2 PC curtain wall 4 Anchor bolt 4a Upper side anchor bolt 4b Lower side anchor bolt 6 Building structure 8 Fastener 9 Insertion hole 10 Load receiving bolt 12 Beam 14 Slab 16 Mounting base 20 Primary fastener 22 Secondary fastener 22a Structural side plate piece Part 22b Curtain side plate piece part 24 Supplementary plate 28 Spacer 30, 32 Groove as cross-section missing part (stress absorbing part)

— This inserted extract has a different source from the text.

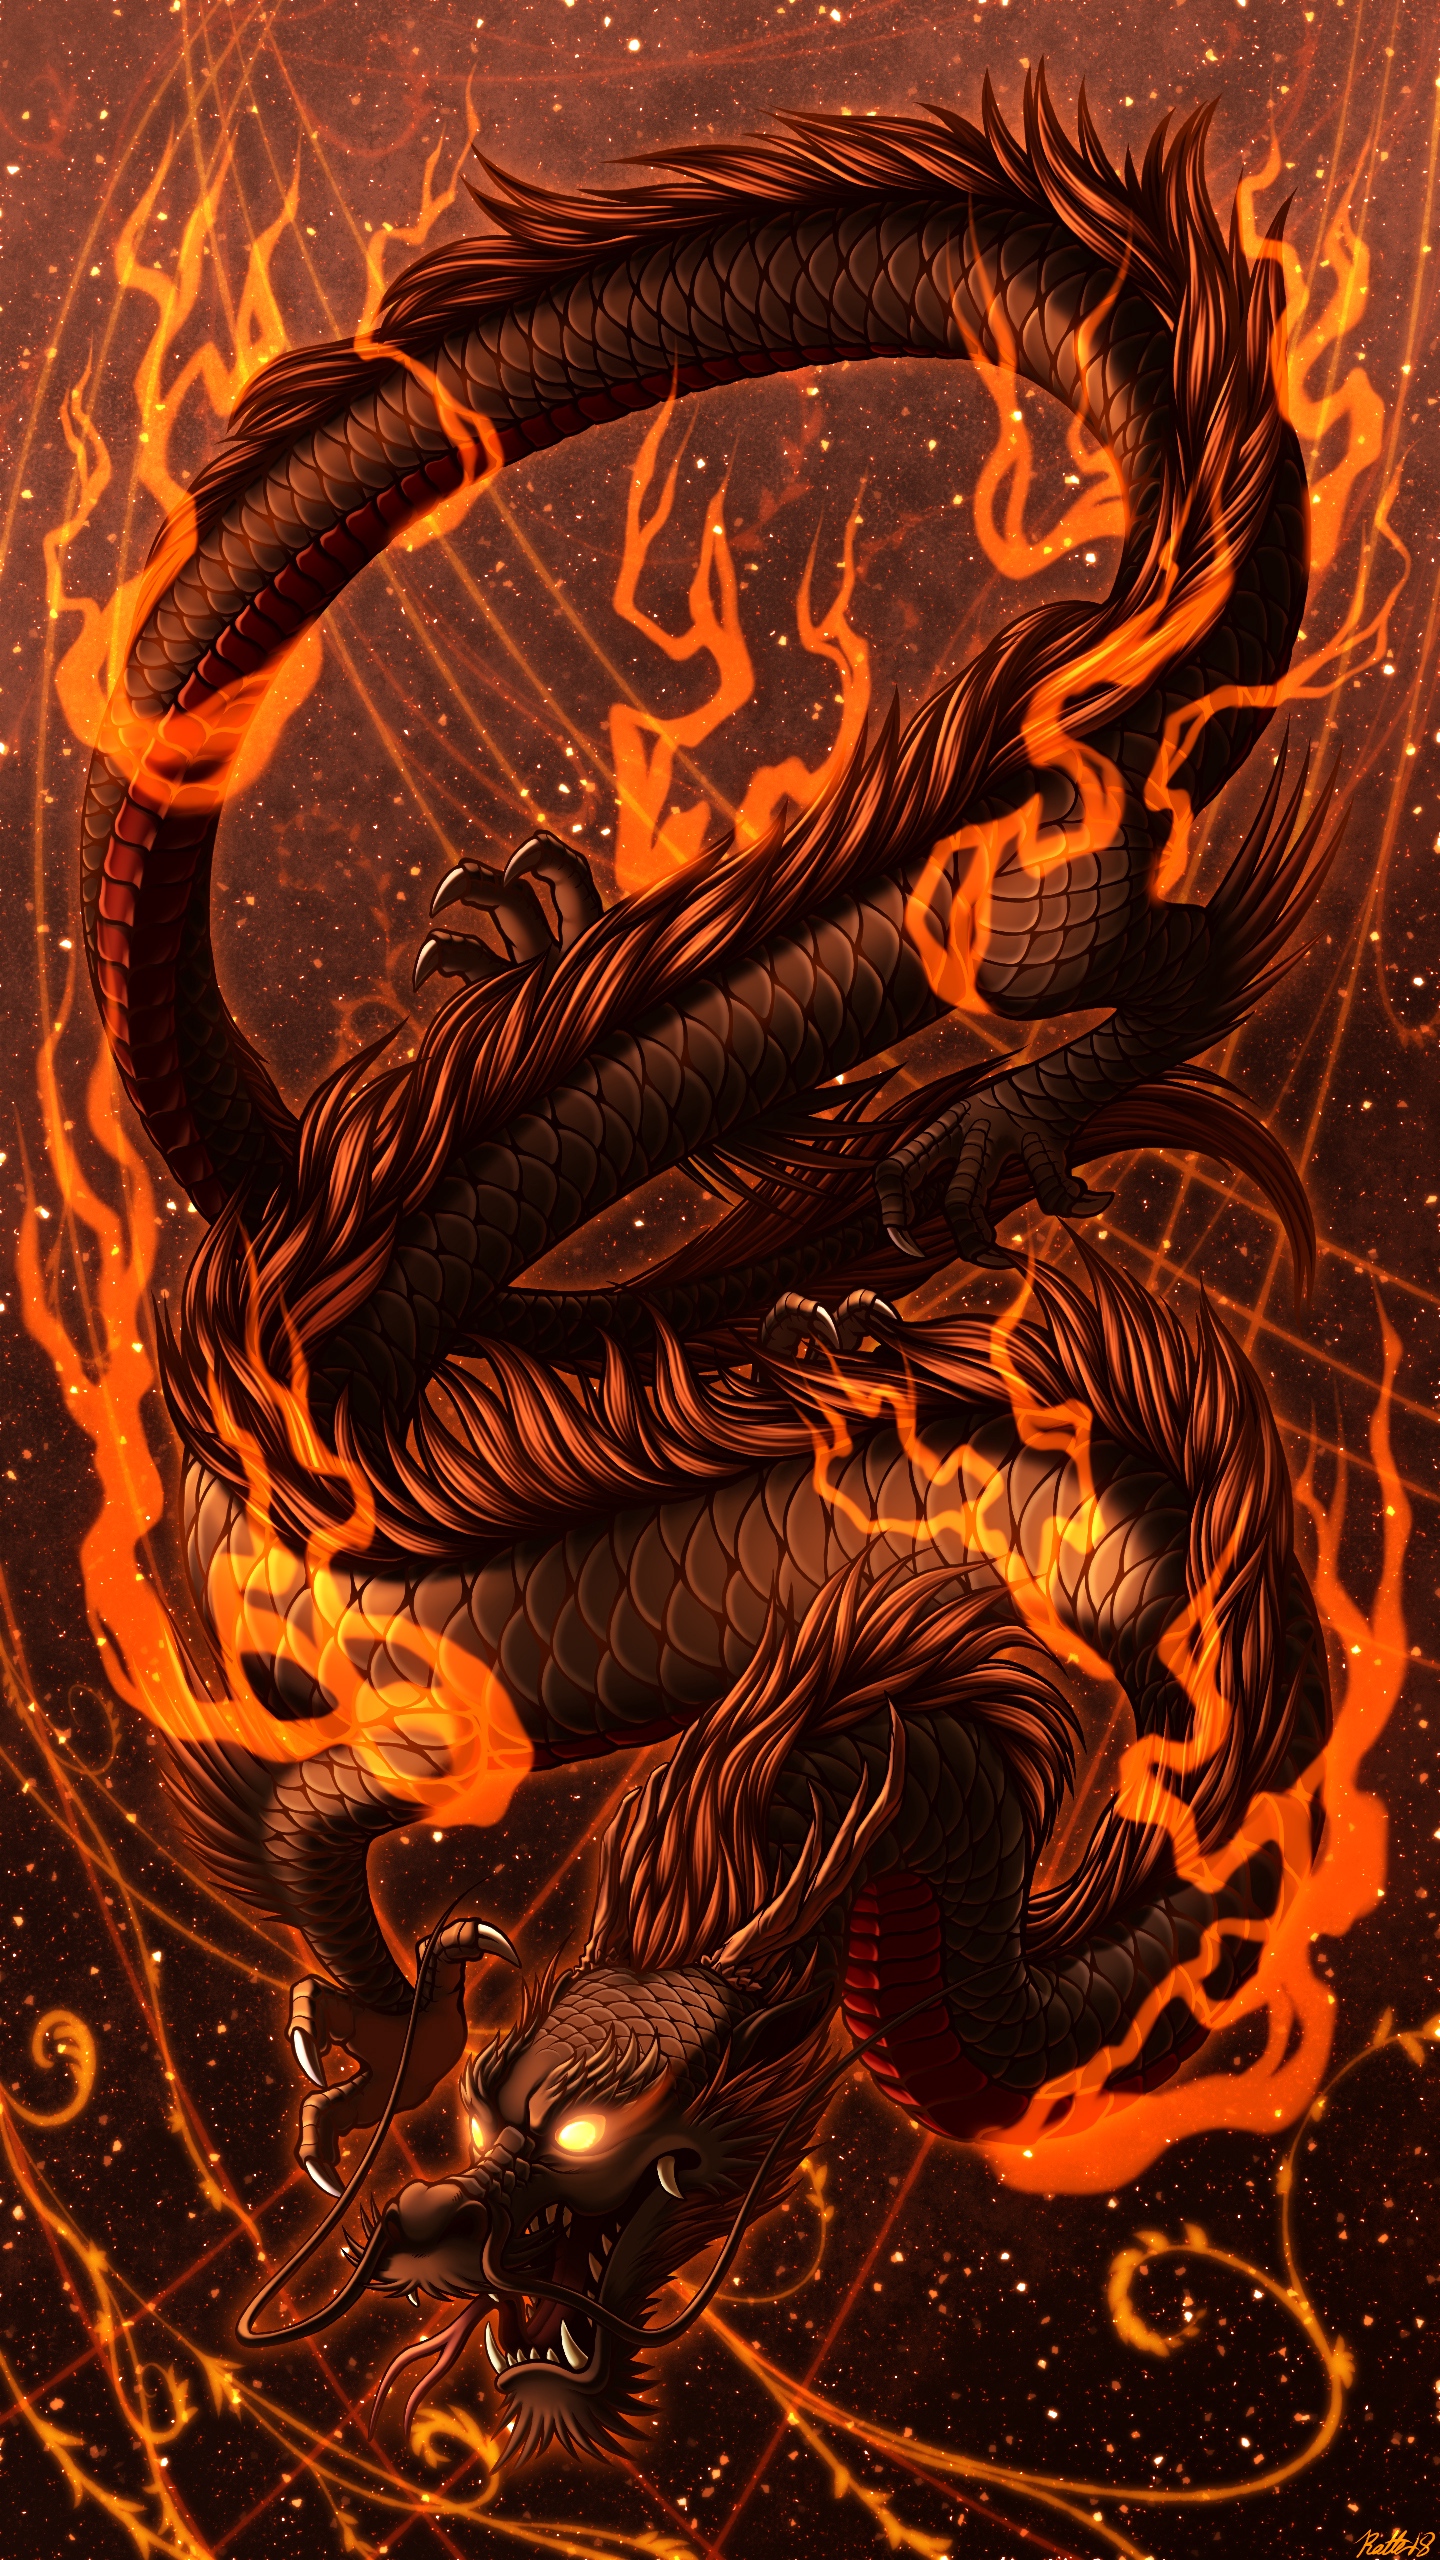 Огнедышащий дракон картинки

 ─────────────────────────────────────────────────── ─── Continuation of the front page (72) Masataka Sekine Inventor Masataka Sekine 2-3 Kandaji-cho, Chiyoda-ku, Tokyo Obayashi Corporation Tokyo Head Office

Claims (5)

[Claims] 1. A mounting structure of a precast concrete curtain wall in which a bolt integrally erected on the back surface of the precast concrete curtain wall is fastened and fixed to a fastener provided on the building structure side, wherein the fastener is attached to the building structure. On the other hand, the fastener is detachably fixed, and the curtain wall is damaged when the force transmitted to the precast concrete curtain wall through the fastener becomes excessive due to the deformation of the building structure. An attachment structure for a precast concrete curtain wall, characterized in that a stress absorbing portion for yielding deformation is provided in advance. 2. The fastener is an L-shaped metal fitting having a plate piece portion connected to the building structure side and a plate piece portion connected to the curtain wall side, and the stress absorbing portion is formed on the metal fitting. The mounting structure for a precast concrete curtain wall according to claim 1, wherein the mounting structure has a cross-section missing portion. 3. The cross-section defective portion is formed in a groove shape extending along the wall surface direction of the curtain wall on each of the two plate piece portions of the L-shaped metal fitting.
Precast concrete curtain wall mounting structure described. 4. The mounting structure for a precast concrete curtain wall according to claim 2, wherein a plate piece portion connected to the building structure side of the fastener is arranged in a vertical direction. 5. The mounting structure for a precast concrete curtain wall according to claim 2 or 3, wherein a plate piece portion connected to the building structure side of the fastener is arranged in a horizontal direction.